Prospettive svizzere in 10 lingue

Quale minoranza latina in governo?

Equilibrismo linguistico sotto la cupola di Palazzo federale Keystone Archive

Il gruppo socialista alle Camere federali sceglie questo weekend la candidata alla successione di Ruth Dreifuss.

In lizza: tre donne romande, una ticinese e un neocastellano.

Fra i criteri di scelta, anche se ha perso importanza, non va dimenticata l’appartenenza confessionale, mentre negli ultimi decenni si è imposta con evidenza la questione della presenza femminile.

Nessuna di queste regole è giuridicamente vincolante: è eleggibile in Consiglio federale chiunque abbia il diritto di voto (art. 143 della Costituzione federale).

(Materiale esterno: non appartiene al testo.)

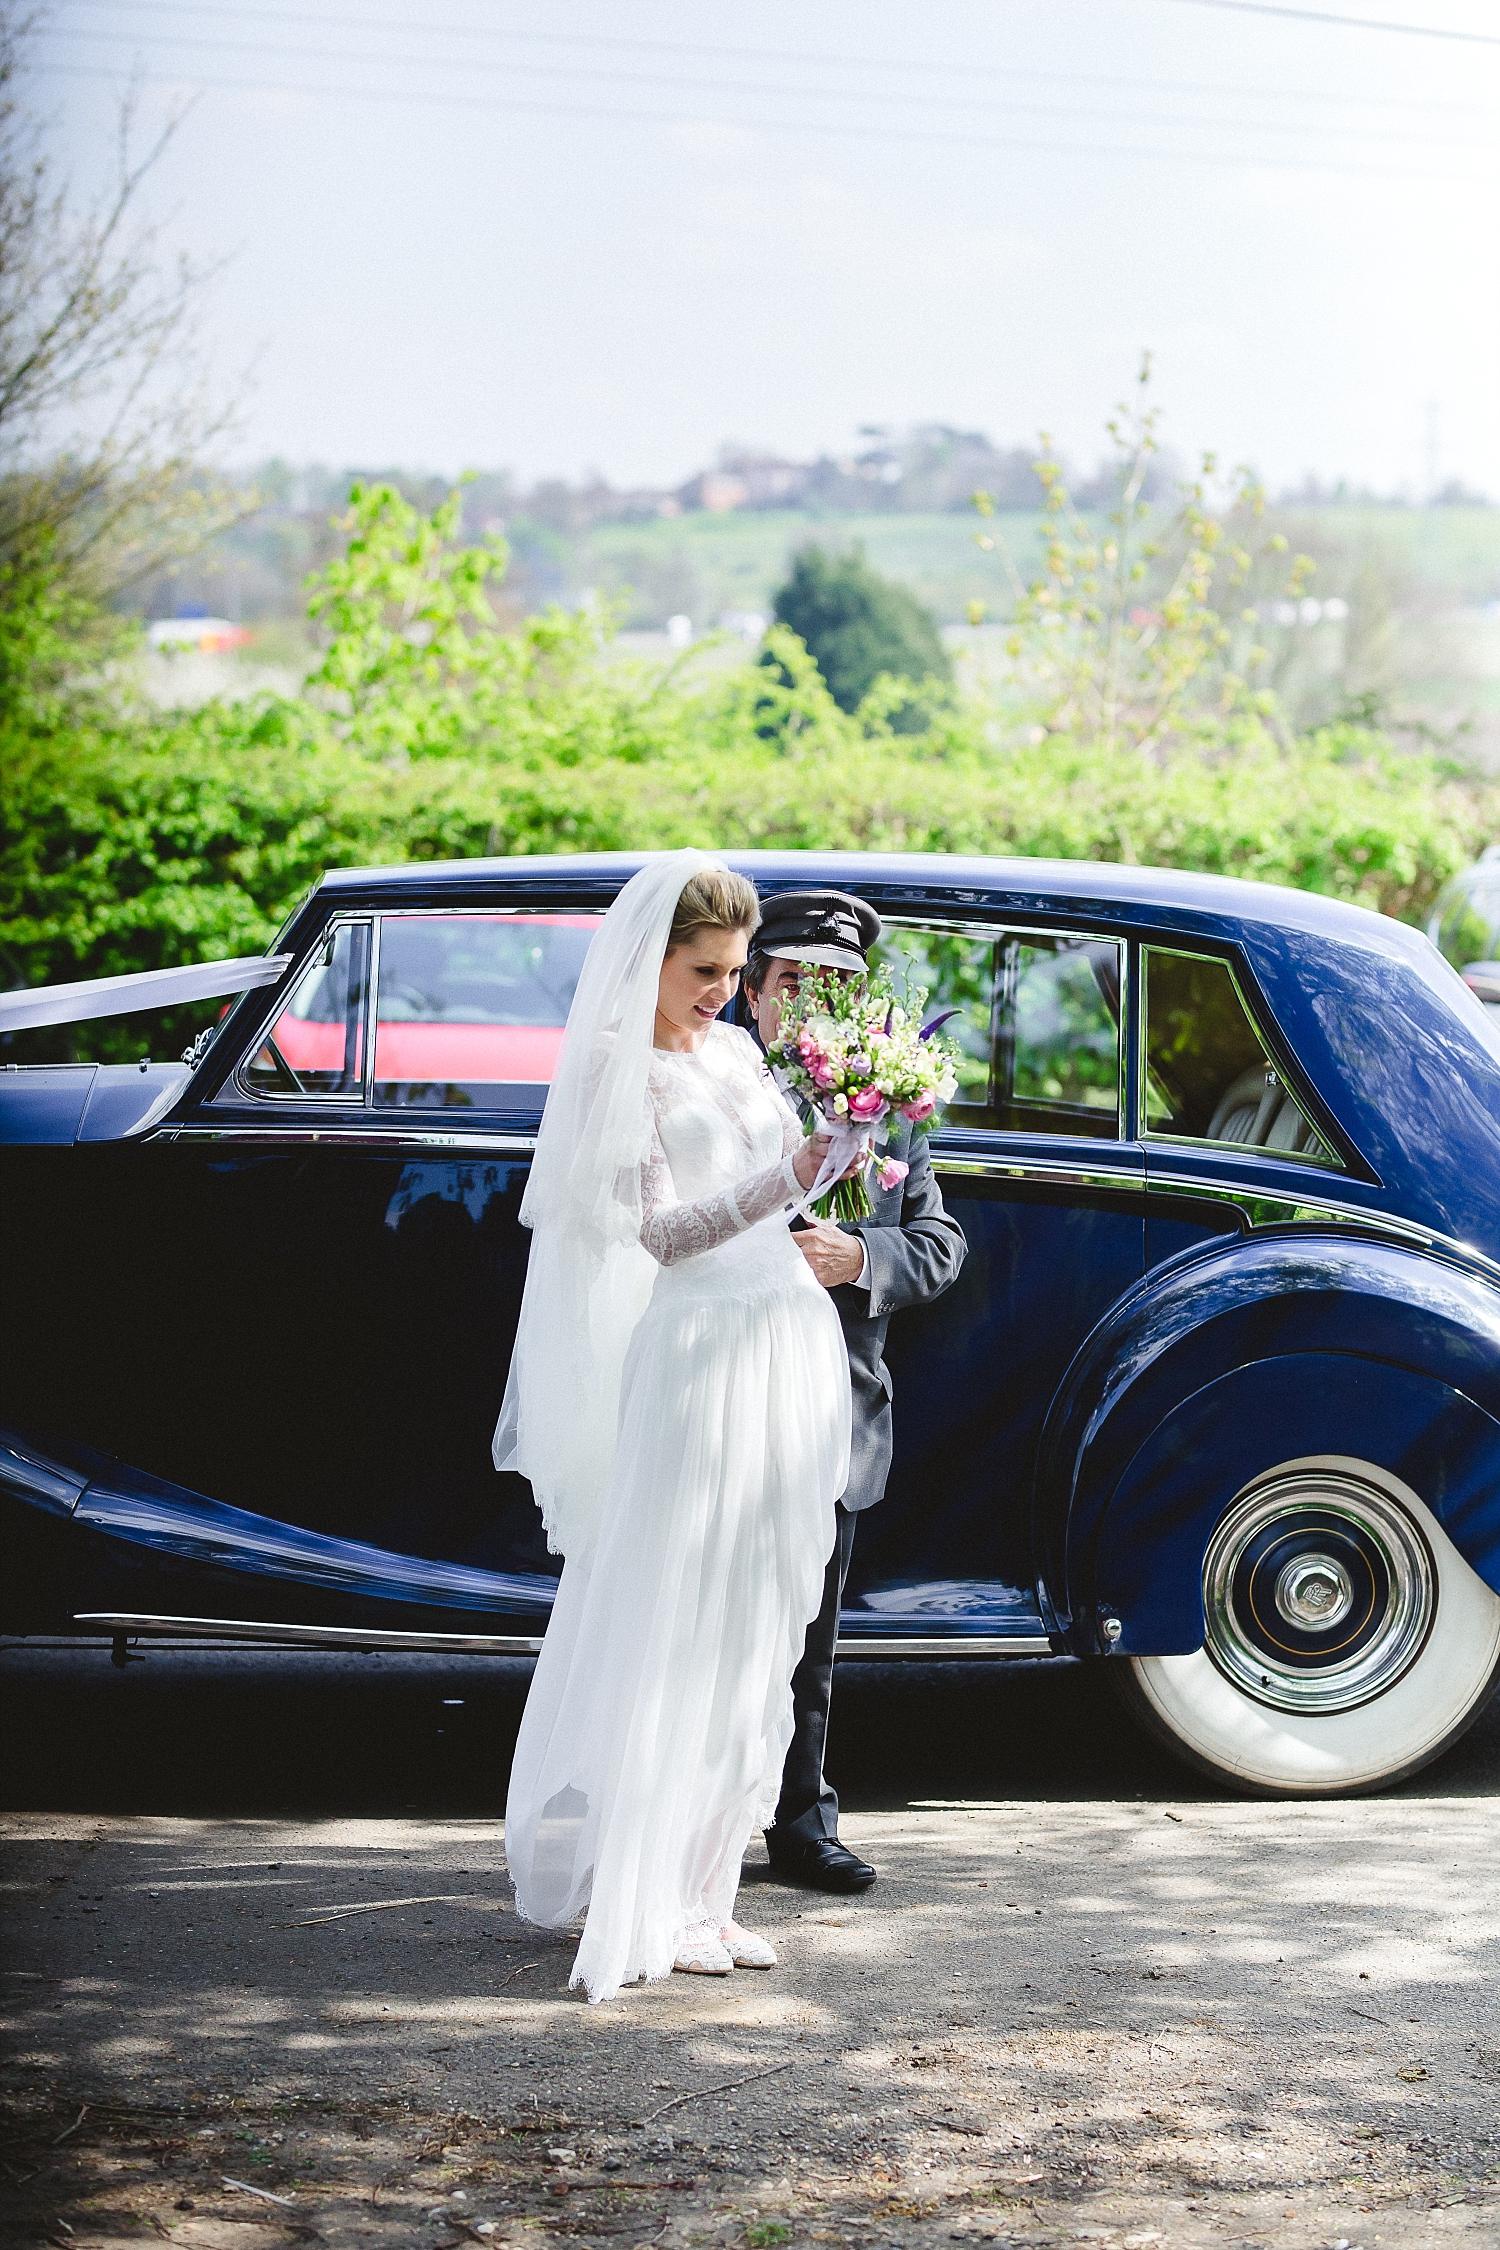 Gaynes-Park-Wedding-Photographer_0046.jpg
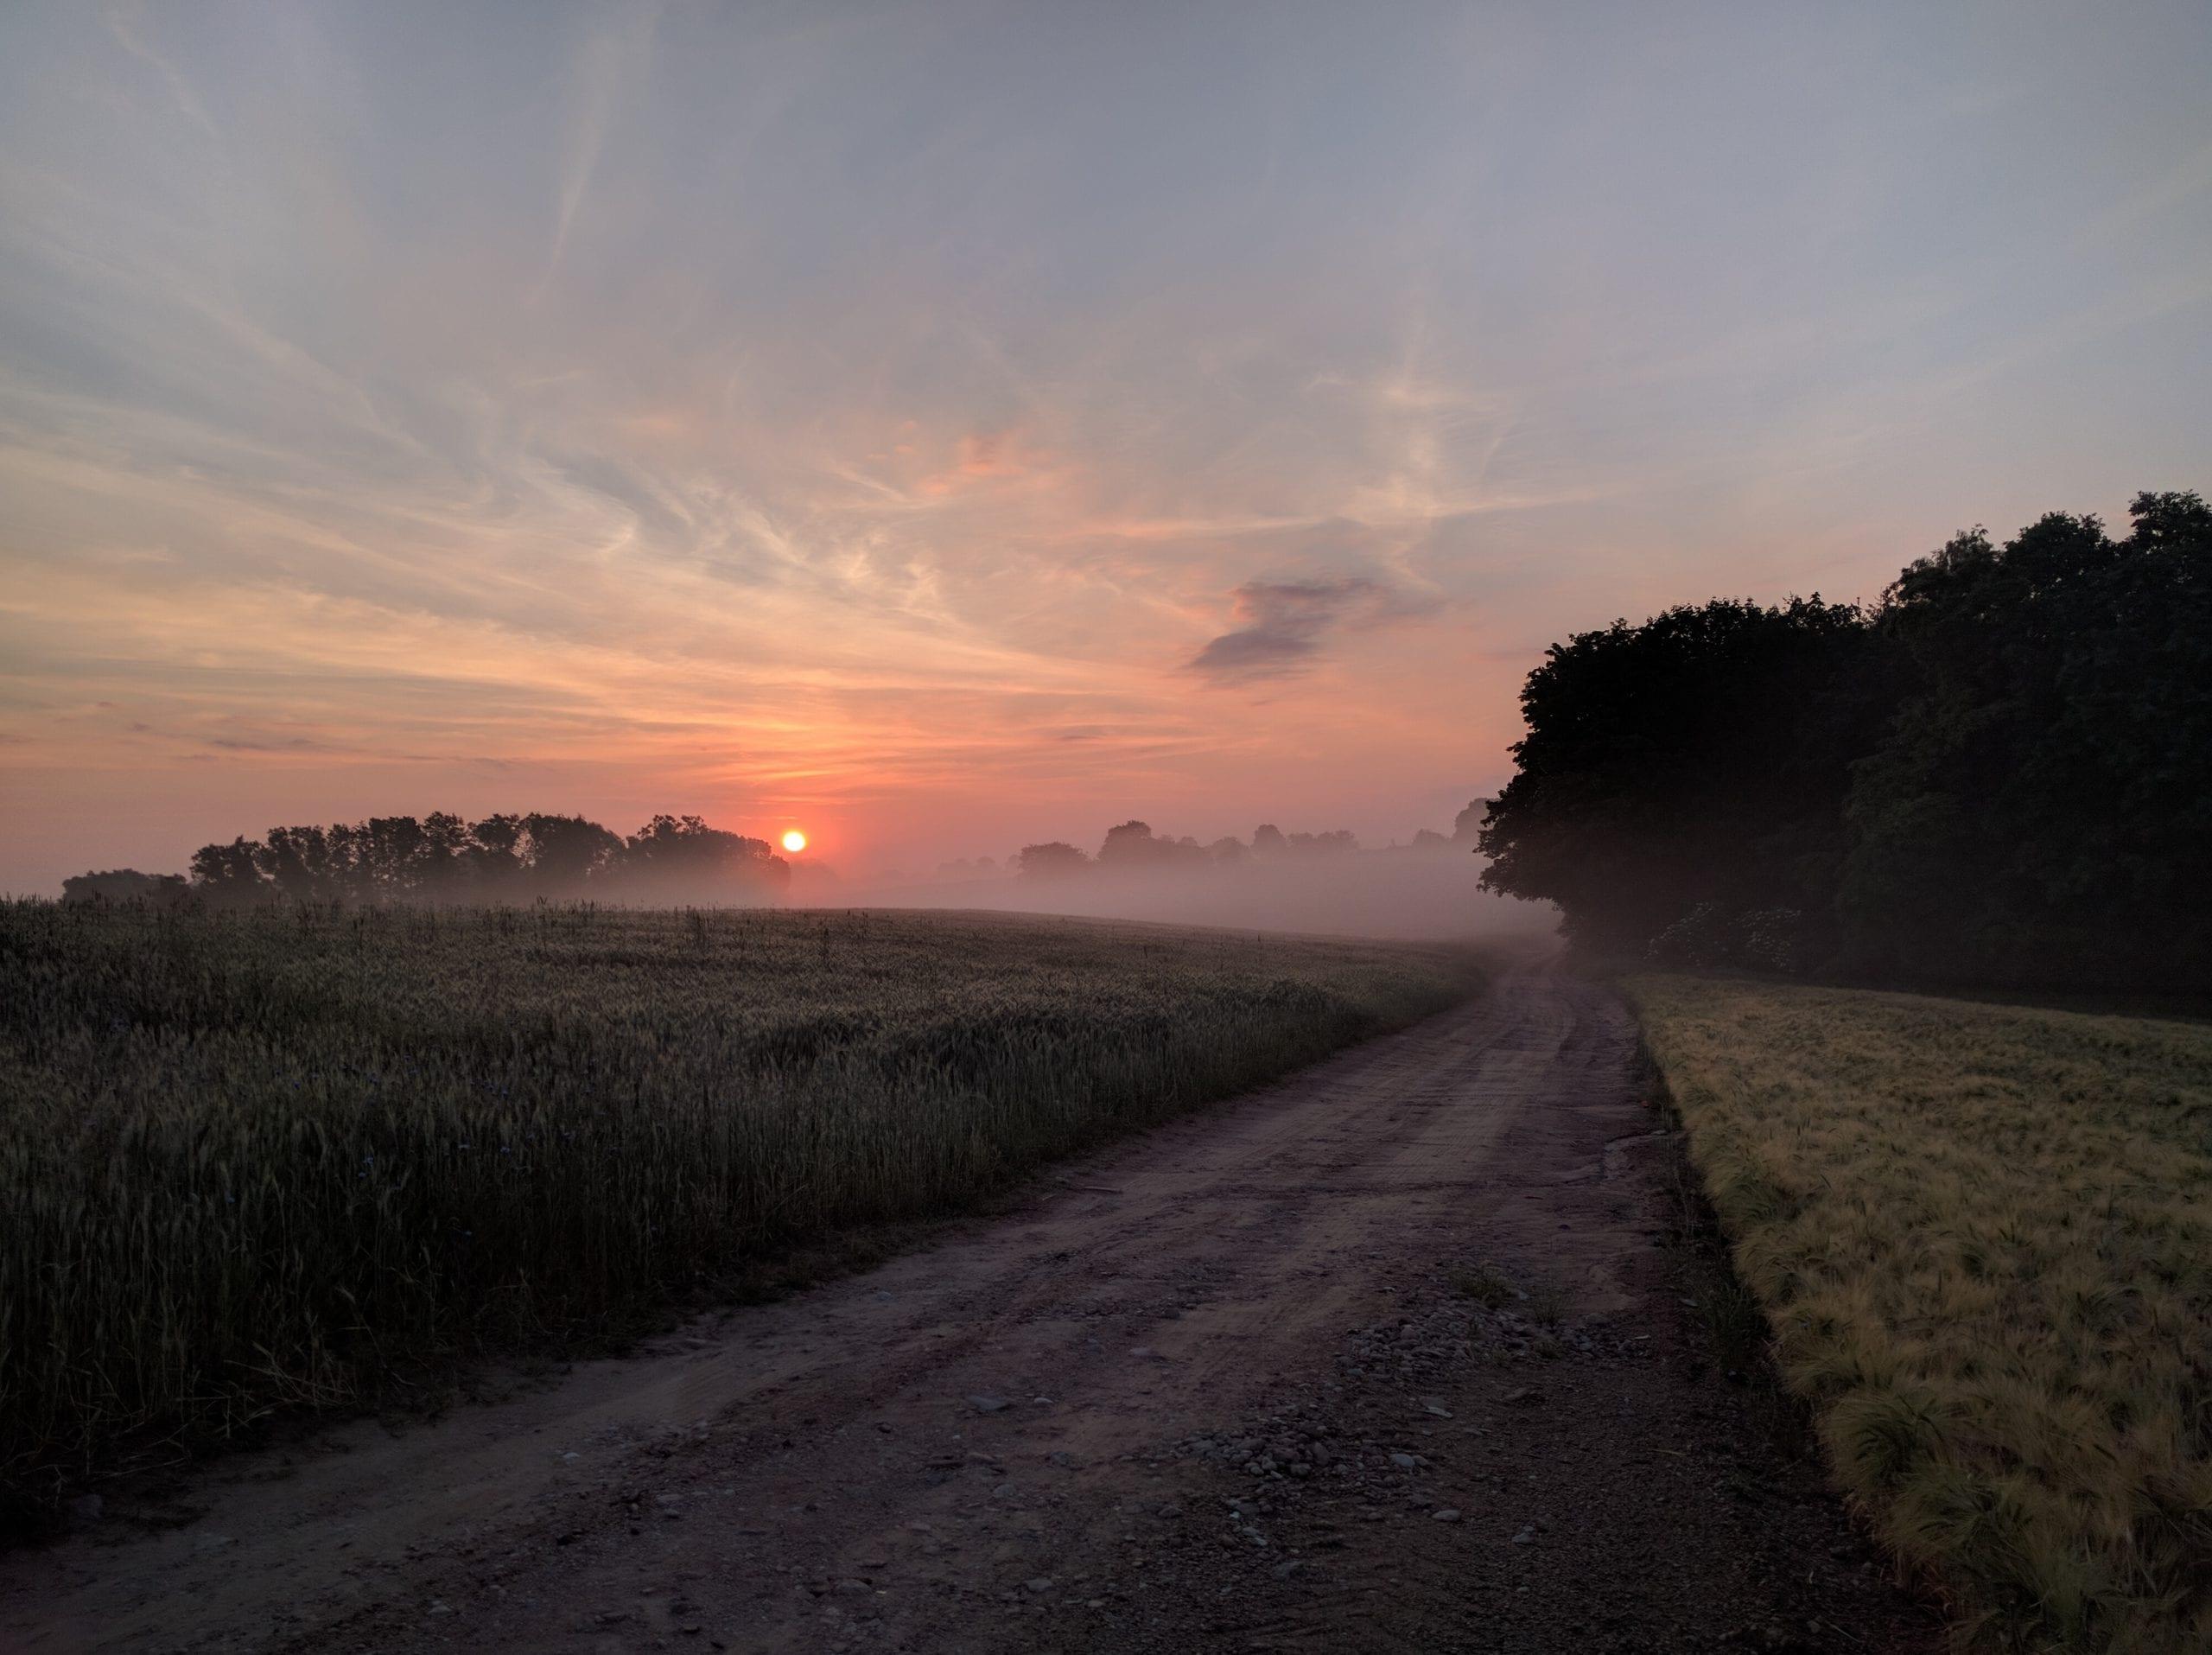 Gravel road in Poland at dusk

La clausola cantonale, che impediva la presenza in governo di più di un membro proveniente dallo stesso Cantone è stata sostituita con una formula generica “le diverse regioni e le componenti linguistiche del Paese devono essere equamente rappresentate” (art. 175 CF).

Gli equilibri tra gruppi linguistici

Storicamente, le minoranze linguistiche sono sempre state equamente rappresentate in Consiglio federale. All’inizio era prevalsa la formula 5:2 (5 germanofoni e 2 “latini”), adottata per la composizione del primo governo federale nel 1848.

Nel corso del XX secolo si è avuto sovente un governo con 4 germanofoni e 3 “latini”. Soltanto durante quattro anni (dal 1876 al 1880), ci fu un Consiglio federale composto da sei svizzero-tedeschi e da un solo romando.

In seguito la doppia presenza romanda è venuta a mancare per periodi relativamente brevi: dal 1913 al 1917, dal 1934 al 1947 e dal 1967 al 1970.

La presenza italofona

La presenza italofona ha conosciuto un andamento più irregolare: dopo Franscini (1848-1857) e Pioda (1857-1864) ci fu un eclissi di ben 47 anni, tra il 1864 e il 1911, quando fu eletto Giuseppe Motta.

Le ragioni di questa lunga assenza, che ebbe ripercussioni alquanto negative sui rapporti tra il Ticino e la Confederazione, sono da ricercare anche nella situazione interna del Cantone, considerato a Berna poco affidabile a causa dell’instabilità e della litigiosità che sfociava talvolta in episodi di violenza politica.

Con Motta ed Enrico Celio ci fu una presenza ininterrotta fino al 1950; in seguito la Svizzera italiana è stata presente in Consiglio federale dal 1954 al 1959 con Giuseppe Lepori, dal 1966 al 1973 con Nello Celio e dal 1986 al 1999 con Flavio Cotti.

Il Grigioni italiano non è invece mai stato rappresentato nel governo federale: nel 1962, il mesolcinese Ettore Tenchio, candidato ufficiale del partito democristiano, fu battuto dal vallesano Roger Bonvin.

Due anni di maggioranza latina

La minoranza romancia è stata rappresentata una sola volta con il grigionese Felix Calonder (dal 1913 al 1920). Per alcuni anni, dal 1917 al 1919, ci fu un Consiglio federale con soli tre germanofoni e quattro rappresentanti della Svizzera latina: il ticinese Motta, il retoromancio Calonder e i romandi Ador e Decoppet.

Una situazione venutasi a creare con le dimissioni forzate di Arthur Hoffmann nell’estate del 1917: in un momento non proprio roseo per le relazioni confederali, il responsabile degli affari esteri si era compromesso con un’iniziativa diplomatica di pace in favore della Germania.

Svizzera latina, una nozione astratta

La nozione di “minoranza latina” è tuttavia puramente aritmetica: la Svizzera italiana non si è mai sentita rappresentata da un consigliere federale romando e i romandi non si sono mai riconosciuti in un consigliere federale ticinese.

Su molte questioni di interesse nazionale le posizioni delle due minoranze divergono ampiamente: per motivi regionali nella politica dei trasporti; per una questione di mentalità nei rapporti con l’Europa, per ragioni di temperamento e di Realpolitik nelle relazioni con la Svizzera tedesca.

I romanci, invece, si sentono probabilmente più vicini a un grigionese tedescofono che a un ticinese.